I would probably say "thank you," (and that has happened to me, and I was really pleased!) 



Eugens said:


> 2) What if a stranger says to you something really vulgar? Would you ignore him/her or say something?


It would depend where I was - if I was alone somewhere and felt vulnerable, I would say nothing, but if I was in a shopping mall or the like, I would say something. 



Eugens said:


> 3) What if a stranger starts talking to you and you are not sure if he/she is flirting with you or not? You are walking on your own and she/he approaches you, starts walking by you and asks you if you have a light for her/his cigarette and then starts talking about her/his wanting to quit smoking, about why s/he can't, the methods s/he tried, etc. Would you politely keep up the conversation or say you are not in the mood for chatting?


Once again, it depends on the stranger. Is he sober, and friendly? Yes, then I would talk... because I generally do. 



Eugens said:


> 4) What if a stranger touches your butt? Would you do something or escape from the place as rapidly and silently as you can? Would you say something?


See my answers for number 2 - it's the same.



Eugens said:


> I would like to know what you would do if you were to face these situations (we are talking of a different person in each case of course), how you think most people in your country react to these situations or what you have done if some of them (or something similar to them) actually happened to you. I would like to know the opinion of both men and women, please. Would your reaction depend on whether you find the stranger good-looking? Would it depend on the age difference between you and him/her? The stranger's sex would be determinant in whether you decide to slap him/her for being rude?
> 
> PS. Please correct my mistakes!


Definitely it would depend on the stranger's age/sex and appearance! When I was 17 I was approached _twice in a sexual way,_ by women, which was pretty scary for me, as I wondered what I was doing to atract them.. being as I am a woman myself. 
When I was 17, I thought I was bullet-proof, and luckily in at least one case, my parents didn't, and intervened with one man who was stalking me as I went to my job... 
You have no mistakes Eugens, but I have put in one definite and one indefinite article to make what you have written flow better..


----------



## don maico

_someone from another country would get a free pass, I would assume he didn't know he was freaking me out...
_ isnt that known as xenophobia?


----------



## Chaska Ñawi

don maico said:


> _someone from another country would get a free pass, I would assume he didn't know he was freaking me out...
> _ isnt that known as xenophobia?




I prefer the word "tolerance", or "open-mindedness".


----------



## ireney

It's not my buisness but I think Victoria32 means that that kind of thing freaks her out anyway, no matter who does it; if the person doing it is from abroad she will let it pass giving him the benefit of the doubt (different culture etc).

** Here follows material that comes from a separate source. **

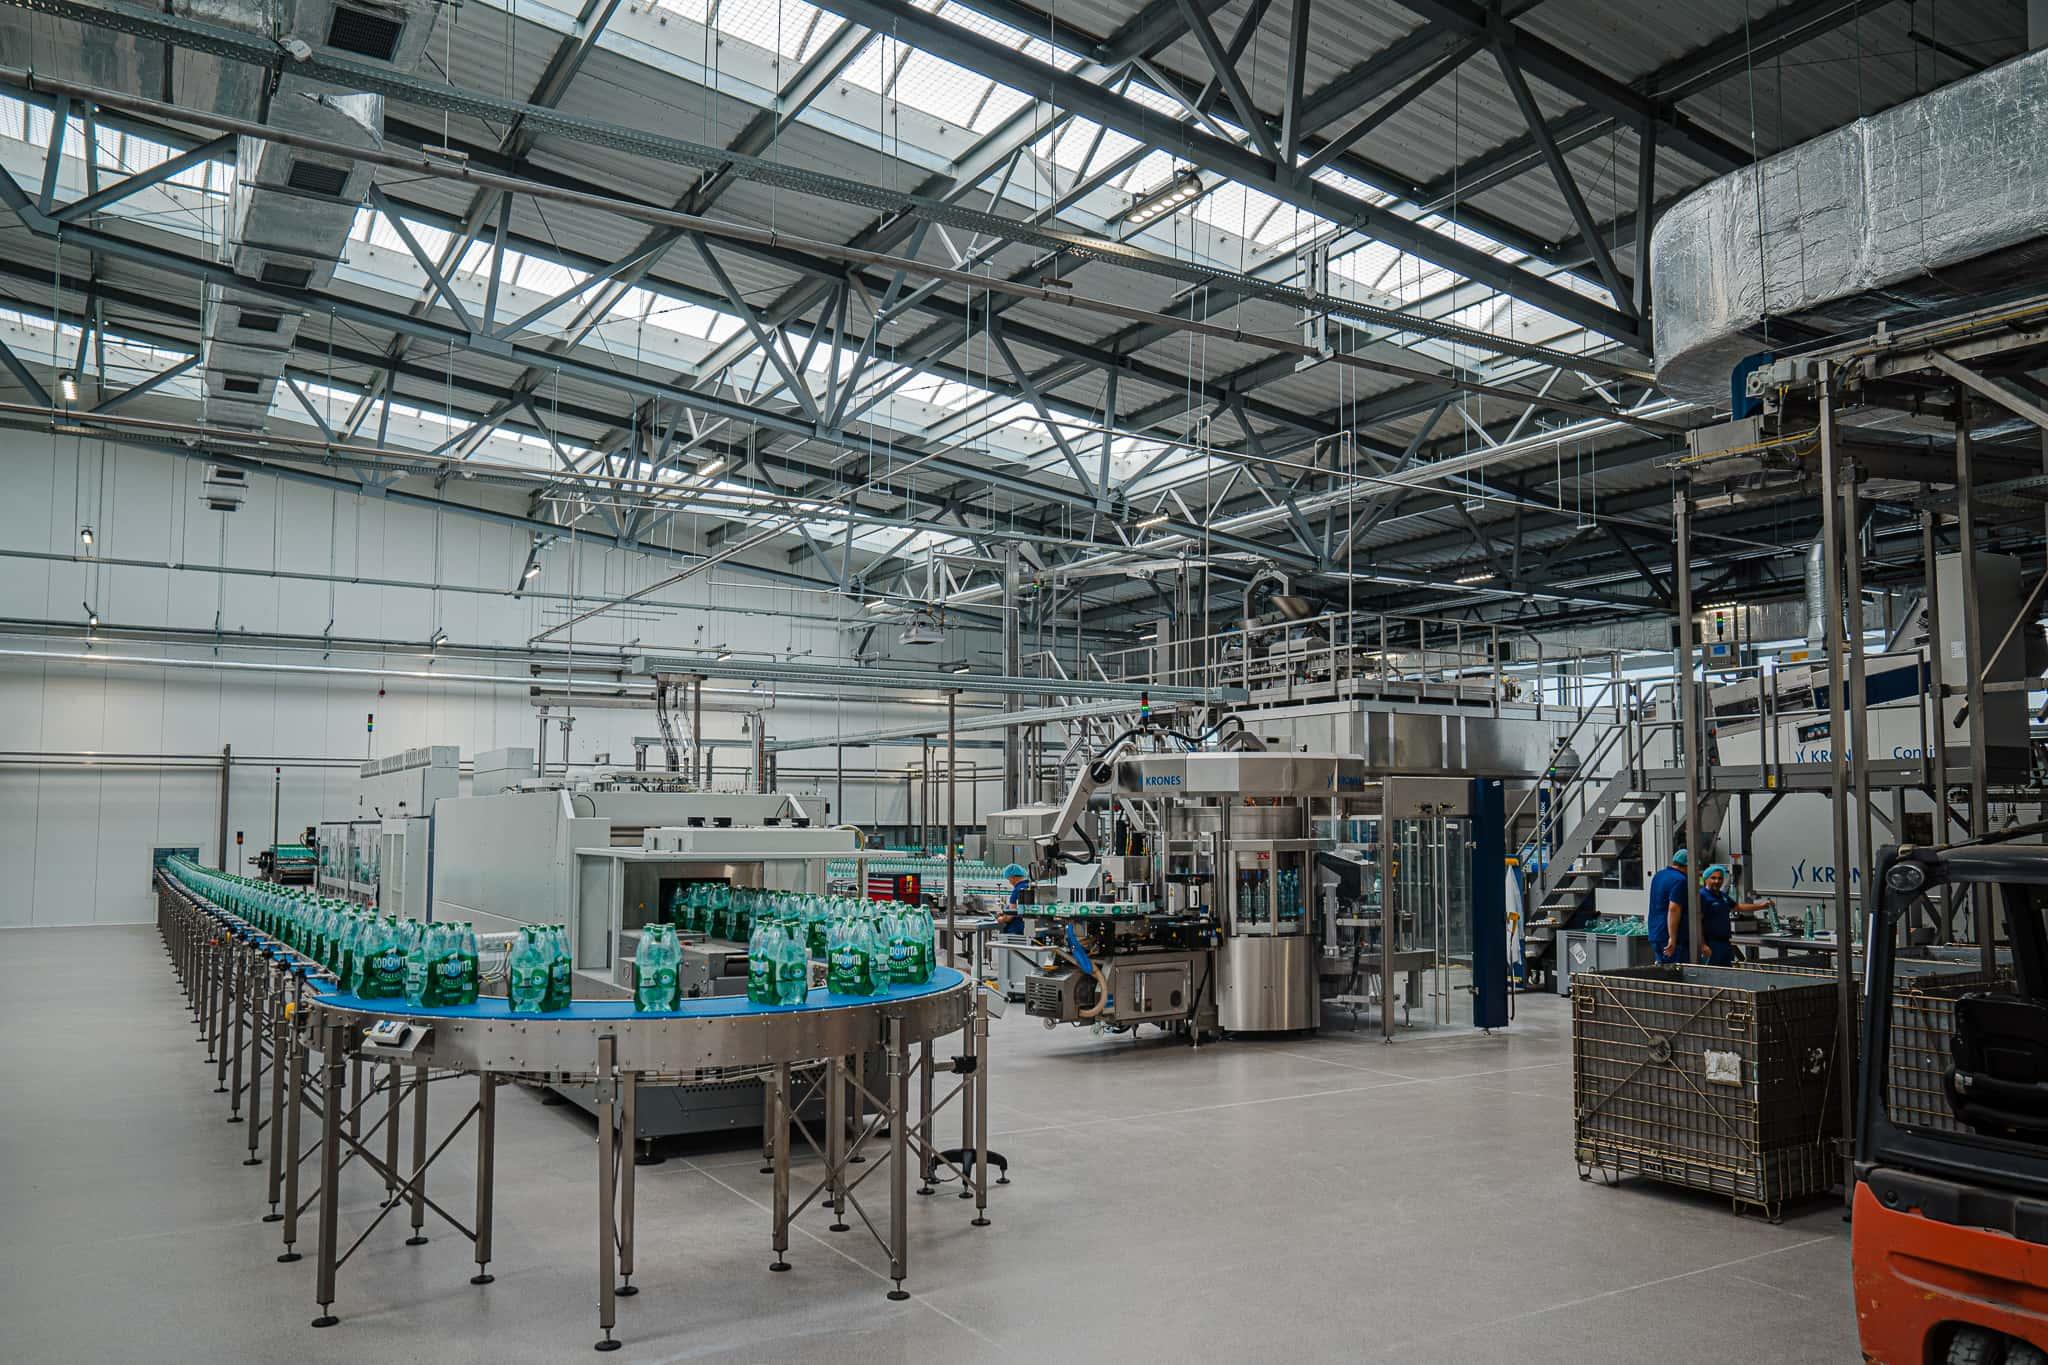 rozlewnia nativiana linia produkcyjna Rodowita z Roztocza. Inwestycja za 75 mln zł. (Dużo zdjęć)
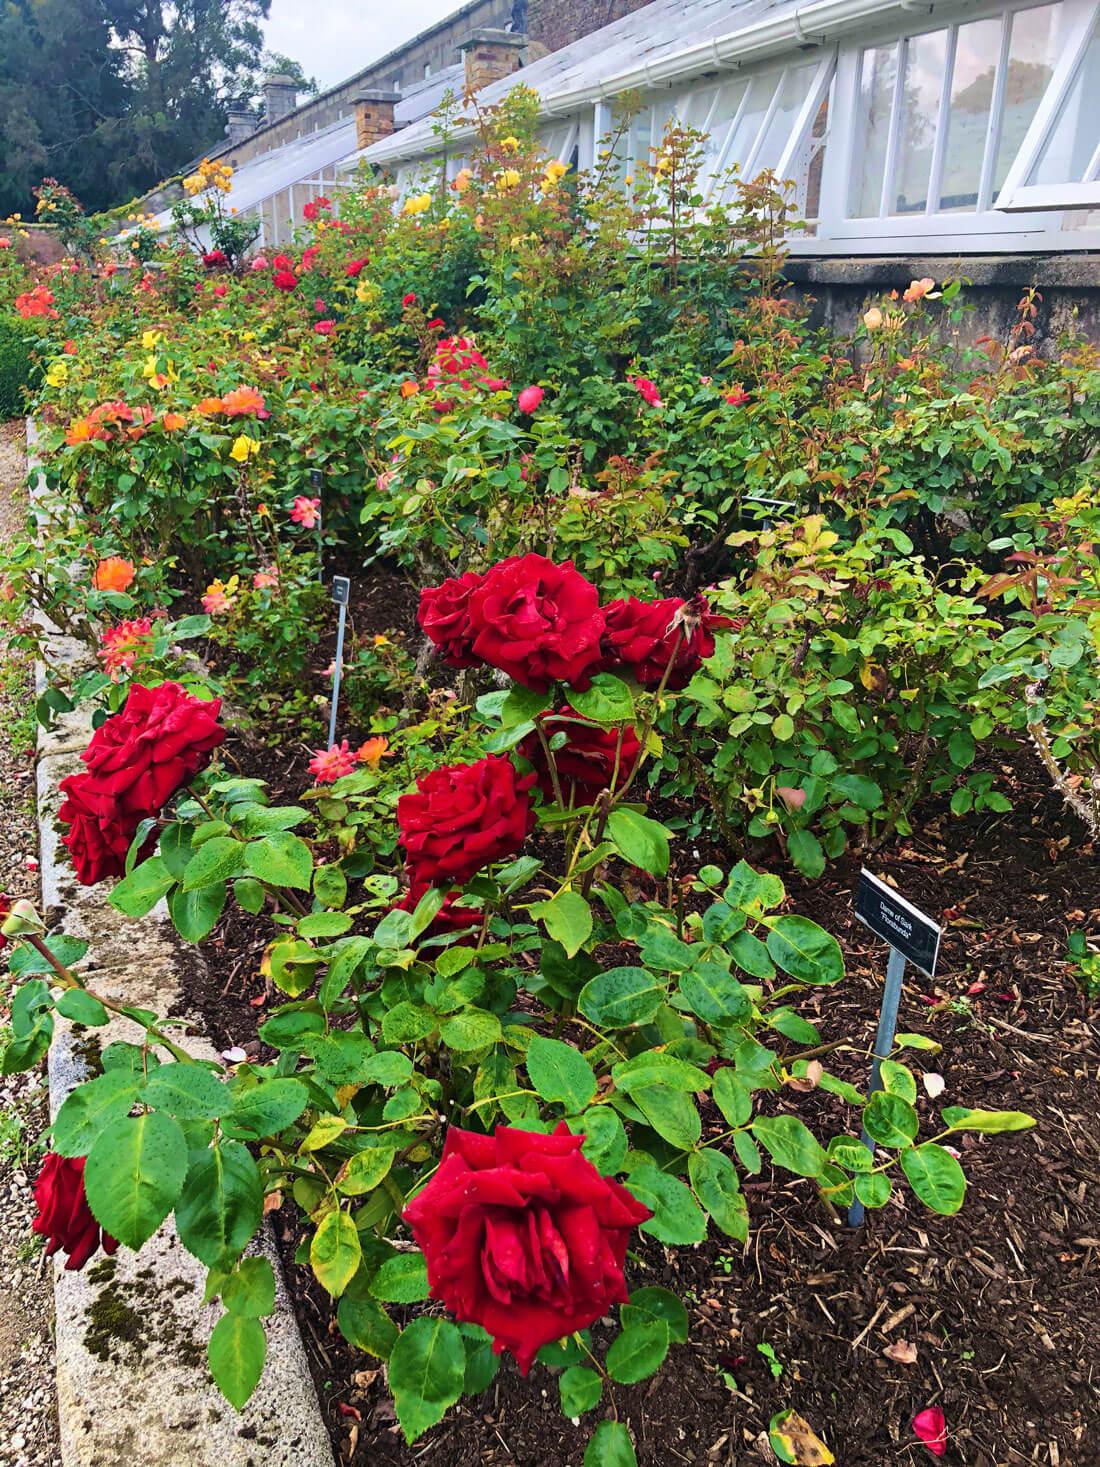 Gardens at Powerscourt Estate in Ireland

> For example, if you were walking on the street in your country and a stranger passing by said to you "Hello, beautiful" or "You are good-looking", how would you react? Would you just keep walking, looking straight-on as if you were only hearing the wind rustling the leaves? Would you give the stranger a mute angry stare? Would you smile to the stranger? Would you say to him/her "thank you for the compliment"? Would you say to him/her "mind your own business"?



Definitely walk on. If it was night and I was alone I may select to suffer an attack of selective hearing and pretend I didn't hear him at all. Usually though I am also rolling my eyes for good measure even at nights.



> 1) What if a stranger says to you something really nice? If he/she pays you a wonderful compliment one day you are feeling particularly down and ugly? What if he/she recites you a beautiful piece of poetry? Would you say "thank you"?




Depends. We have a saying "The mad man saw the drank man and he got scared". If the other one is drunk I will pretend I didn't hear anything at all. This actually goes for all cases. If the compliment is witty it will probably earn him a smile and that's it.  Poetry will mean that he is a foreigner btw.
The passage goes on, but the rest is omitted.